Something is not working. New reports are coming in and every second there are new people asking what’s going on and when is it going to get fixed? Here's what we do at UserZoom
Incidents happen every now and then. I’m sure we can all agree that having a pre-prepared set of steps to follow is necessary because in the heat of the moment, it can make a real difference on how the situation evolves.
Here are a few of the things that we do at UserZoom...
The first step of any incident management process is the declaration. Someone or something has to realize an issue is happening and declare the incident so the team can start working on solving it.
Constantly improving the methods available to get a faster and more efficient declaration is, and should be, a never-ending effort. Things like automatic tests that run daily checking main features, alerts ready to go off when detecting anomalies in the infrastructure, even a coordinated review of the reports coming into the Support Department to notice patterns and ring the alarm... the faster you notice it, the faster you solve it.
It’s also worth mentioning that the more reliable methods you have to detect and notice an incident, the less false alarms can happen because of a human error. No one wants to be the team that keeps “crying wolf” when there’s nothing really happening. The only way to get everyone to agree on an emergency plan is to use it only for emergencies.
Once it’s official though, the eternal discussion of 'who should get involved' starts. When an incident happens, there are a lot of people that expect feedback and updates about what is going on (as they should) so they are able to handle expectations with customers and all sorts of stakeholders; but it’s not efficient for them to be part of the focused group that is working on the solution.
I personally identify two separate efforts that need to happen in parallel and, in my opinion, can’t be done by the same people: communicating and fixing the issue.
Those duties need to be split into different roles.
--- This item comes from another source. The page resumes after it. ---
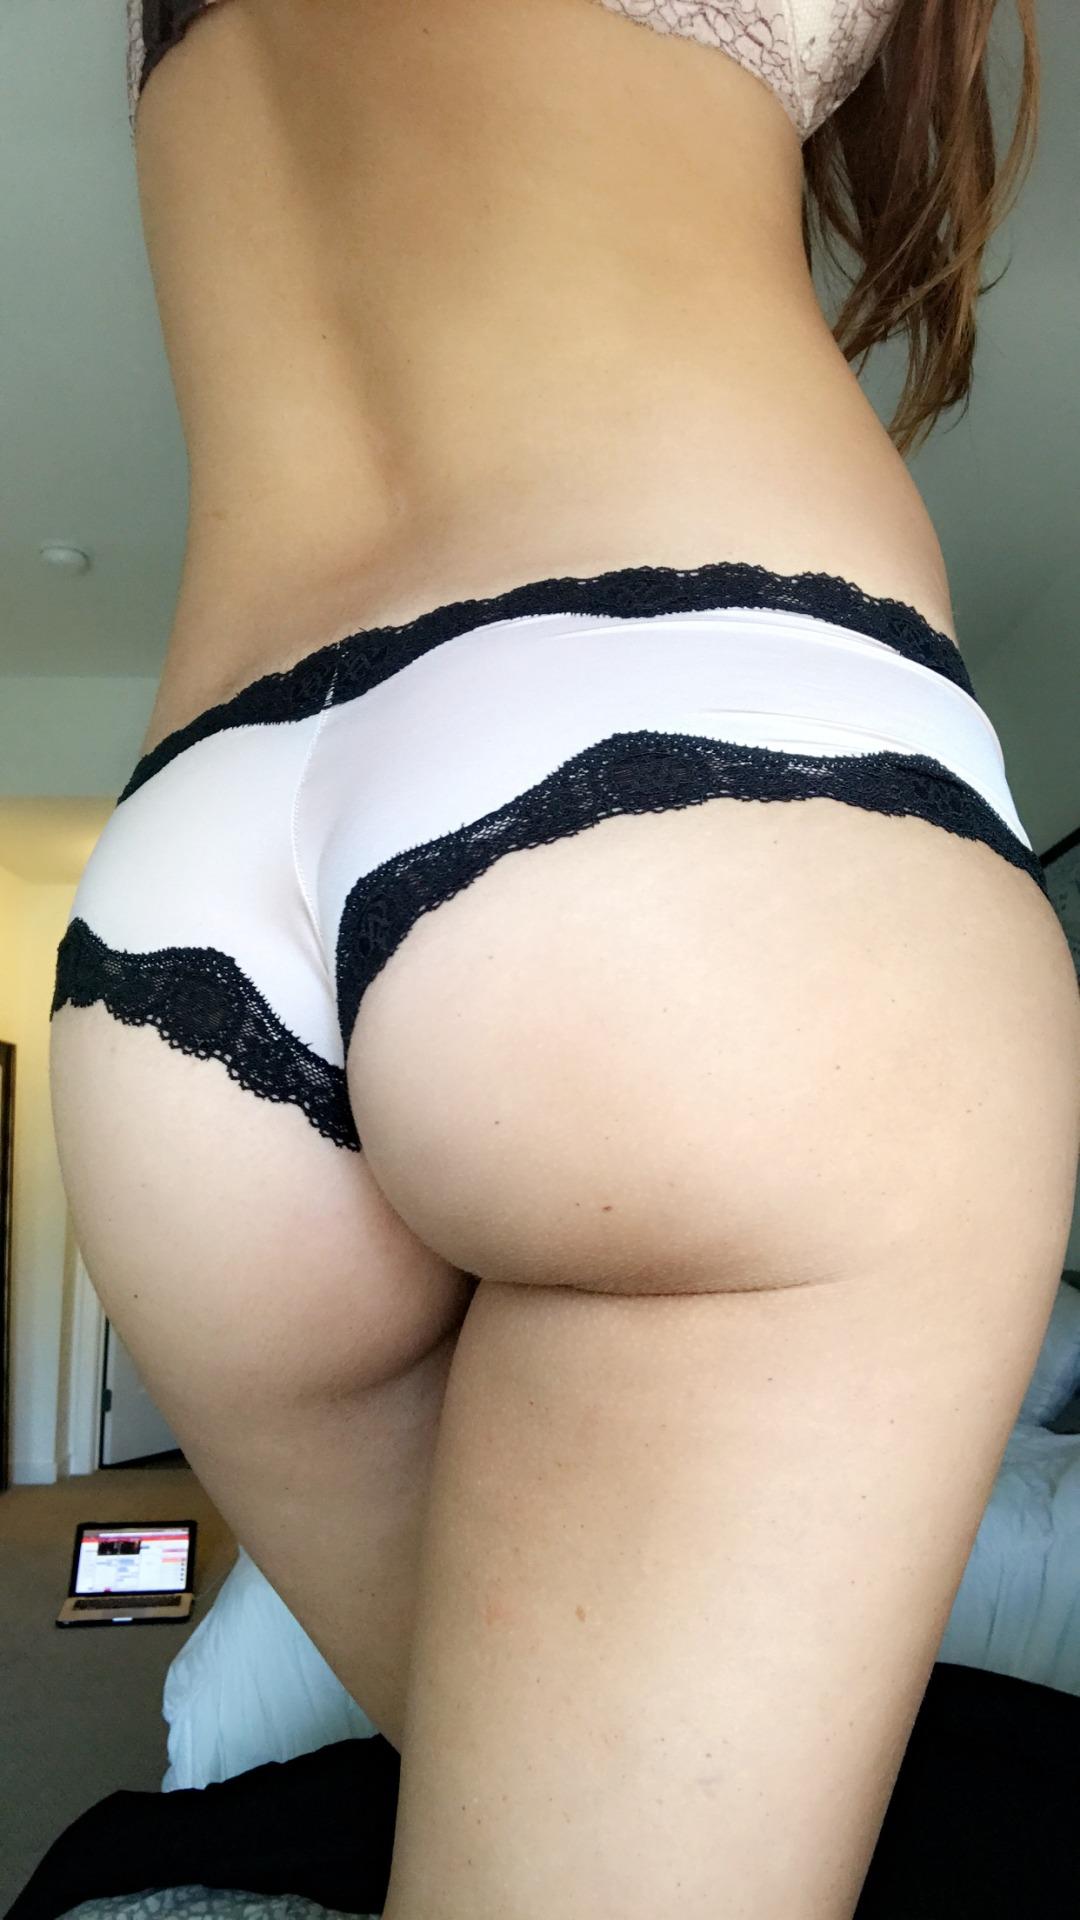 SassyyGingers' sweet cheeks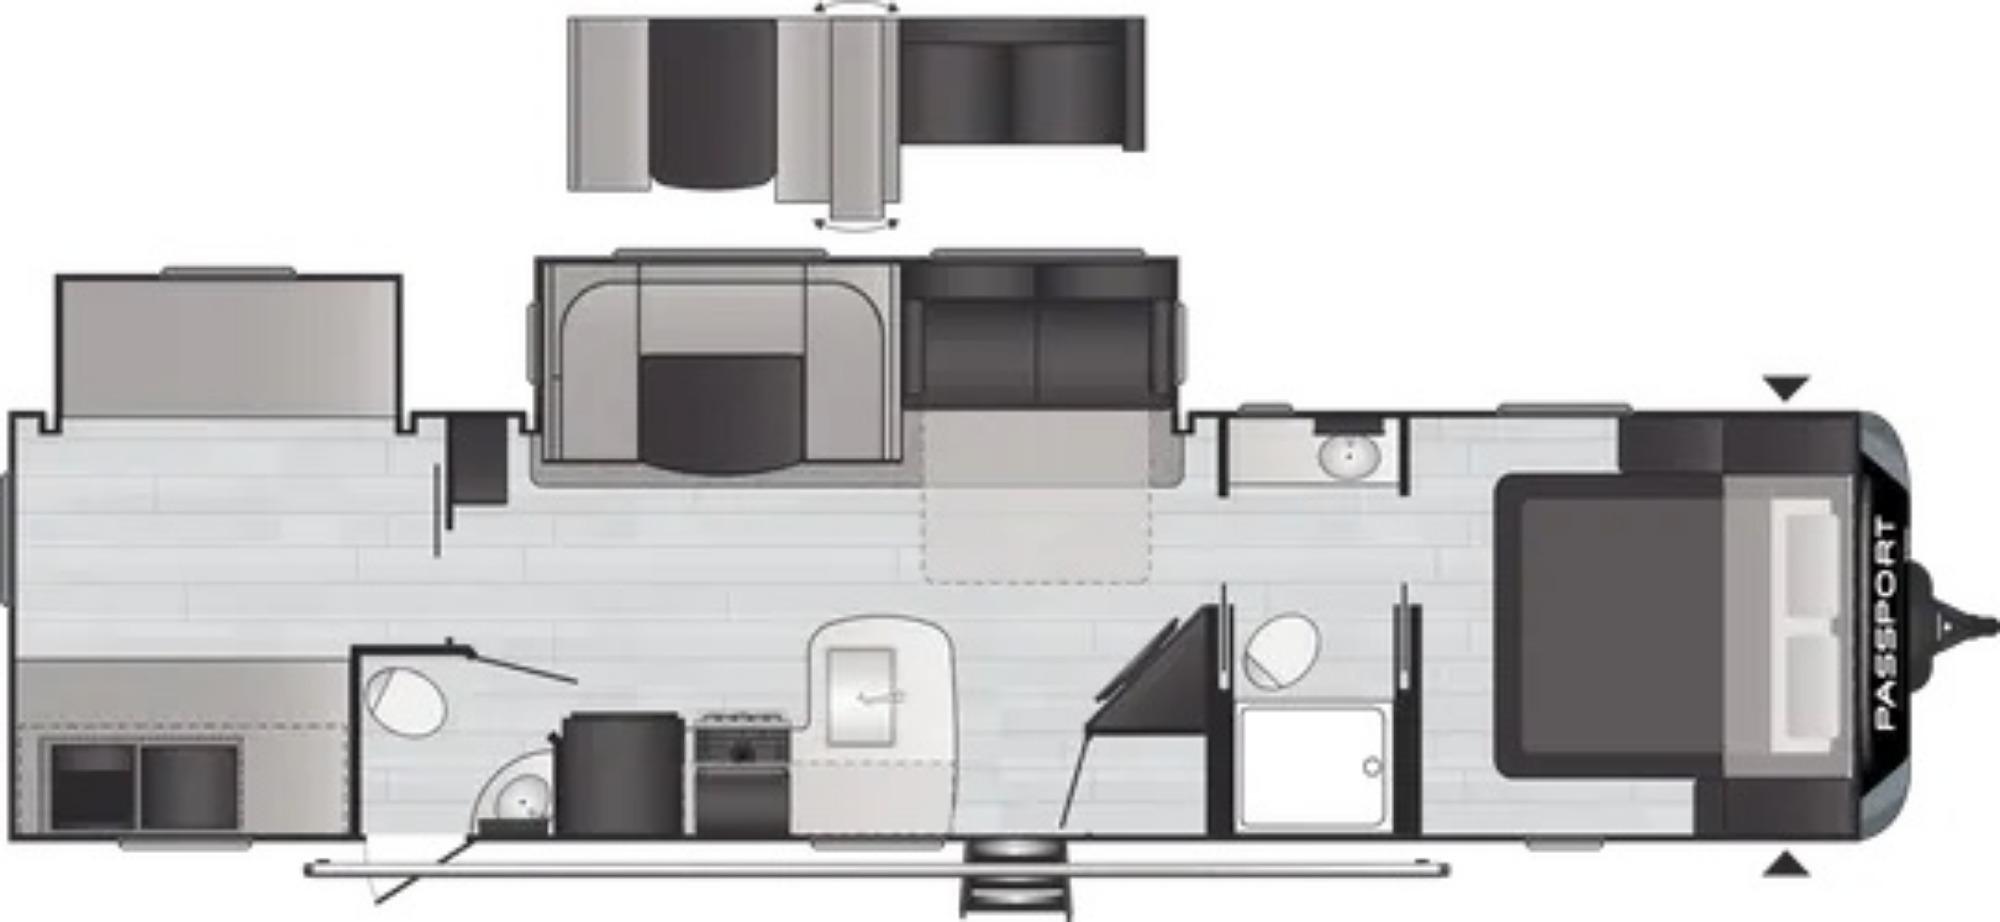 View Floor Plan for 2022 KEYSTONE PASSPORT 3352BH

It is essential to have a designated person not involved directly in the fixing process, but someone who is informed and present in the room, who can act as the go-between among the involved groups. That person is the gateway for all questions and coordinates the updates while keeping the rest of the group focused on the immediate problem and solution.
Regarding the communication, however, a different question presents: “How much do I say, or how detailed should I be?” At the beginning of most incidents, no one has a clear picture of what’s going on, or what is the amount of impact. As the person responsible for communication to stakeholders, it’s vital that there’s a certain amount of confidence in the message. The tension goes up when something bad happens, and it’s important to be clear about what's happening without over-alarming anyone.
Everyone tenses when there’s an incident. Things are happening fast, and depending on how critical an issue is, every minute counts when driving towards a possible solution. Stressful situations are not the easiest to navigate when there are several people involved, which is the reason I believe that a big (if not the biggest) part of the process of managing an incident is adjusting it to the actual people involved in it.
Patience, pragmatism, logical thinking and even a touch of humour are essential soft skills that make all the difference. Everyone wants to get to the end of the incident as friends :)
The incident is resolved. There’s no longer any panic and customers are happy again. But the work is not finished! Maybe even more important than the actual incident management is how you handle the postmortem. Understanding what happened and how to prevent it in the future is a vital part of the process and one that guarantees that the same issue won’t happen again.
In my opinion, it’s important to go over what was lucky during the incident. What happened that made us notice it before it became worse, or what knowledge was needed to fix the issue? Is it documented? Would someone else find it easily next time? Is the error something we can prevent? Or is it something we will need to be alert and just try catching it beforehand next time?
Every team, company and department works differently, but my conclusion is that to build an efficient incident management process, we all need to check what helps and what doesn’t in critical situations for your own team.
Find everything that makes a tense, high-pressure situation work better, try to enforce it, and make a process out of it. Slowly shaping the correct dynamics in situations like this makes a big difference in efficiency and decreases the resolution waiting time.
“Teamwork makes the dream work” they say… and it’s true that the only way to handle an incident and be able to learn from it requires everyone’s effort and collaboration. There are so many skills involved in incident management (communication, technical expertise, pragmatism, attention to detail) that not one person can handle it alone. As with so many other things in life, I believe that finding the right group of people willing to help you with the effort is the key to success.